> **TASK ITEM**
Each of the following records is to be printed verbatim.

Saved data entries
◇ ◇ ◇ ◇ ◇

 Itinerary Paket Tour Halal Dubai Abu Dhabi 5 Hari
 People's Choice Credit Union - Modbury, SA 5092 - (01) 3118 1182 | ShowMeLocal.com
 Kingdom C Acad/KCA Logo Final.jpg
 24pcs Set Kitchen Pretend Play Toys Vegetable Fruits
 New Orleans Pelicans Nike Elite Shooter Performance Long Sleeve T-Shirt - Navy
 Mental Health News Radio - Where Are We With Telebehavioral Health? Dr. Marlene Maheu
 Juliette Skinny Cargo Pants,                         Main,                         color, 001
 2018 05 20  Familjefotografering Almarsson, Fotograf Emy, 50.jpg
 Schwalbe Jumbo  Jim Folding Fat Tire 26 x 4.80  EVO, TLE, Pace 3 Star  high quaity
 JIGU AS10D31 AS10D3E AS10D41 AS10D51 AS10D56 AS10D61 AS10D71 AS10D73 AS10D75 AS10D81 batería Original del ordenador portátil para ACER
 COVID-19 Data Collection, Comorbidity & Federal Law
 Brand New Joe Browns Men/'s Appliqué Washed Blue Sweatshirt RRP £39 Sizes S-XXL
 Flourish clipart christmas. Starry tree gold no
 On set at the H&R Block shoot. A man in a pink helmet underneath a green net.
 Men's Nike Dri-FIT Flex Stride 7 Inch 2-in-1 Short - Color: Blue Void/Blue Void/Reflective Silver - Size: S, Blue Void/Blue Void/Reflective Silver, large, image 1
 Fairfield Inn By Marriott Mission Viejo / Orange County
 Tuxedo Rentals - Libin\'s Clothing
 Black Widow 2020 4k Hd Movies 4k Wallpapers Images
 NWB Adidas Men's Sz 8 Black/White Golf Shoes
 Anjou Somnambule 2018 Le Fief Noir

◇ ◇ ◇ ◇ ◇

> **ANSWER AREA**
 Itinerary Paket Tour Halal Dubai Abu Dhabi 5 Hari
 People's Choice Credit Union - Modbury, SA 5092 - (01) 3118 1182 | ShowMeLocal.com
 Kingdom C Acad/KCA Logo Final.jpg
 24pcs Set Kitchen Pretend Play Toys Vegetable Fruits
 New Orleans Pelicans Nike Elite Shooter Performance Long Sleeve T-Shirt - Navy
 Mental Health News Radio - Where Are We With Telebehavioral Health? Dr. Marlene Maheu
 Juliette Skinny Cargo Pants,                         Main,                         color, 001
 2018 05 20  Familjefotografering Almarsson, Fotograf Emy, 50.jpg
 Schwalbe Jumbo  Jim Folding Fat Tire 26 x 4.80  EVO, TLE, Pace 3 Star  high quaity
 JIGU AS10D31 AS10D3E AS10D41 AS10D51 AS10D56 AS10D61 AS10D71 AS10D73 AS10D75 AS10D81 batería Original del ordenador portátil para ACER
 COVID-19 Data Collection, Comorbidity & Federal Law
 Brand New Joe Browns Men/'s Appliqué Washed Blue Sweatshirt RRP £39 Sizes S-XXL
 Flourish clipart christmas. Starry tree gold no
 On set at the H&R Block shoot. A man in a pink helmet underneath a green net.
 Men's Nike Dri-FIT Flex Stride 7 Inch 2-in-1 Short - Color: Blue Void/Blue Void/Reflective Silver - Size: S, Blue Void/Blue Void/Reflective Silver, large, image 1
 Fairfield Inn By Marriott Mission Viejo / Orange County
 Tuxedo Rentals - Libin\'s Clothing
 Black Widow 2020 4k Hd Movies 4k Wallpapers Images
 NWB Adidas Men's Sz 8 Black/White Golf Shoes
 Anjou Somnambule 2018 Le Fief Noir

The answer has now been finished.